- Born: 1961 (age 64–65)
- Education: Technion – Israel Institute of Technology, New York University
- Known for: Medical imaging, Computer-assisted surgery
- Scientific career
- Fields: Computer Science
- Workplaces: Hebrew University of Jerusalem
- Doctoral advisor: Ernest Davis

= Leo Joskowicz =

Israeli computer scientist

Leo Joskowicz (לאו יוסקוביץ; born 1961) is a Mexican–Israeli computer scientist specializing in medical imaging and computer-assisted surgery. He is a professor in the Rachel and Selim Benin School of Computer Science and Engineering at the Hebrew University of Jerusalem, and former president of The MICCAI Society.

==Education and career==
Joskowicz grew up in Mexico, and attended a French-language school in Mexico City. He went to Israel for undergraduate studies in computer science at the Technion – Israel Institute of Technology, graduating in 1983, and then moved to New York City for graduate study at the Courant Institute of Mathematical Sciences of New York University. After a 1984 master's degree under the supervision of M. C. Harrison, he completed his PhD in 1988 with the dissertation Reasoning about Shape and Kinematic Function in Mechanical Devices supervised by Ernest Davis.

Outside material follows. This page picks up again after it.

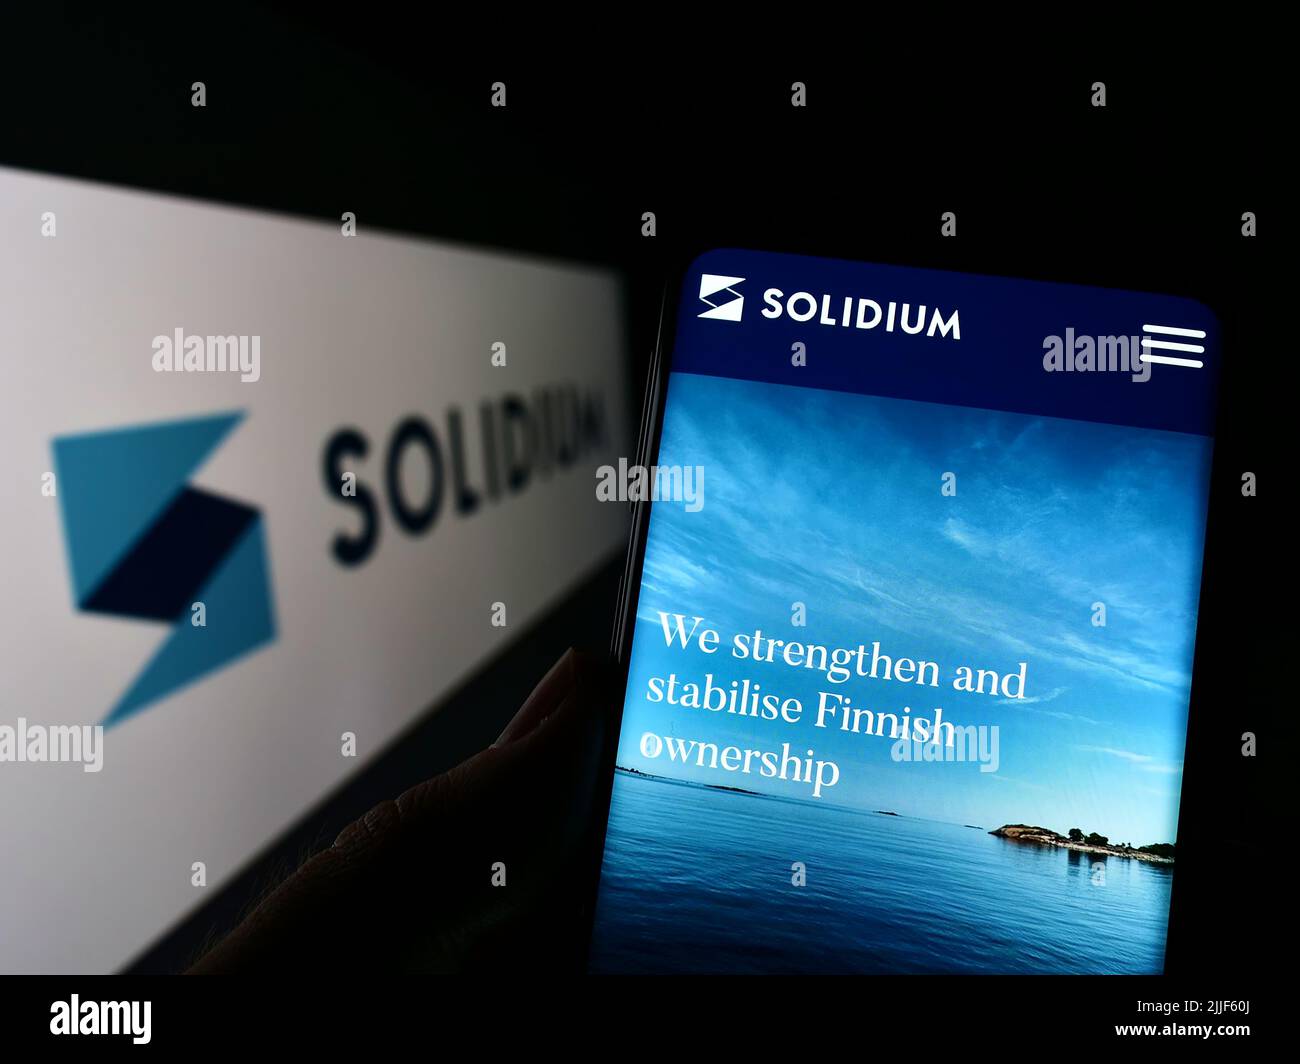 Persona que sostiene el teléfono móvil con la página web de la empresa de inversión finlandesa Solidium Oy en la pantalla delante del logotipo. Enfoque en el centro de la pantalla del teléfono. Foto de stock
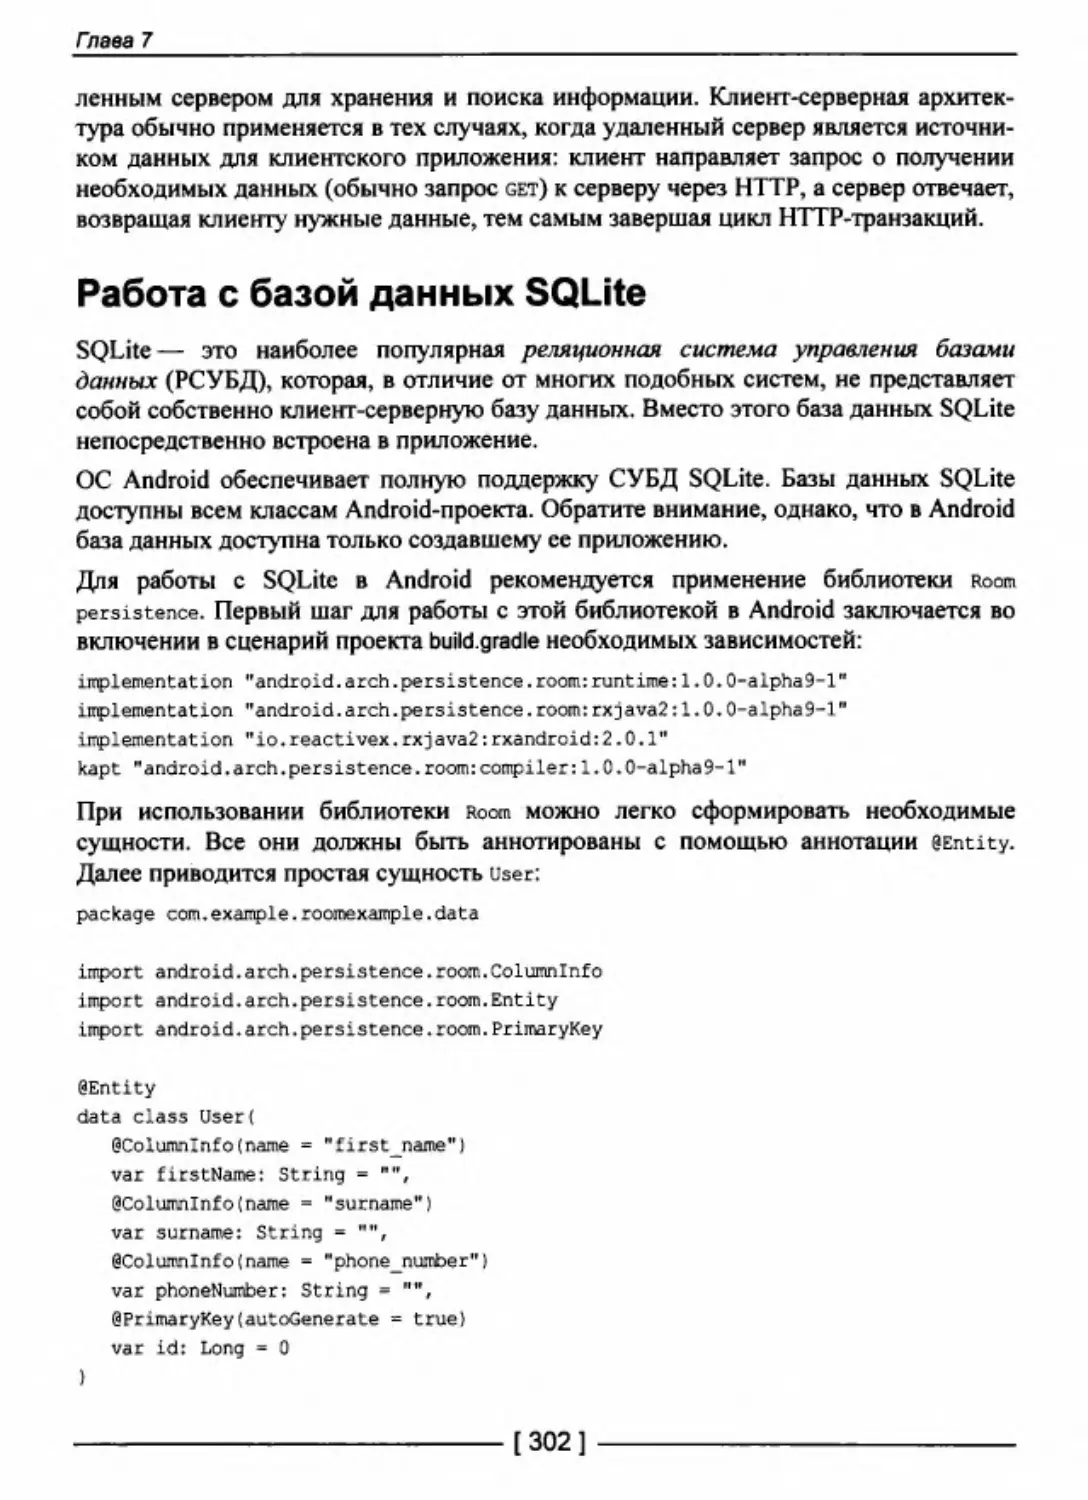 Работа с базой данных SQLite

He worked for IBM Research at the Thomas J. Watson Research Center from 1988 to 1995, when he returned to Israel as a senior lecturer at the Hebrew University of Jerusalem. He became an associate professor in 2000 and full professor in 2006, directed the Leibniz Center for Research in Computer Science from 2001 to 2009, and has been a member of the Edmond and Lily Safra Center for Brain Sciences since 2007. He has also held visiting professorships at the Instituto Tecnológico Autónomo de México, National Autonomous University of Mexico, and Chiba University in Japan.

He was president of The MICCAI Society from 2019 to 2022.

==Recognition==
Joskowicz was elected as an IEEE Fellow in 2013, "for contributions to computer assisted surgery and medical image processing". He has been an ASME Fellow since 2012, and a Fellow of The MICCAI Society since 2017.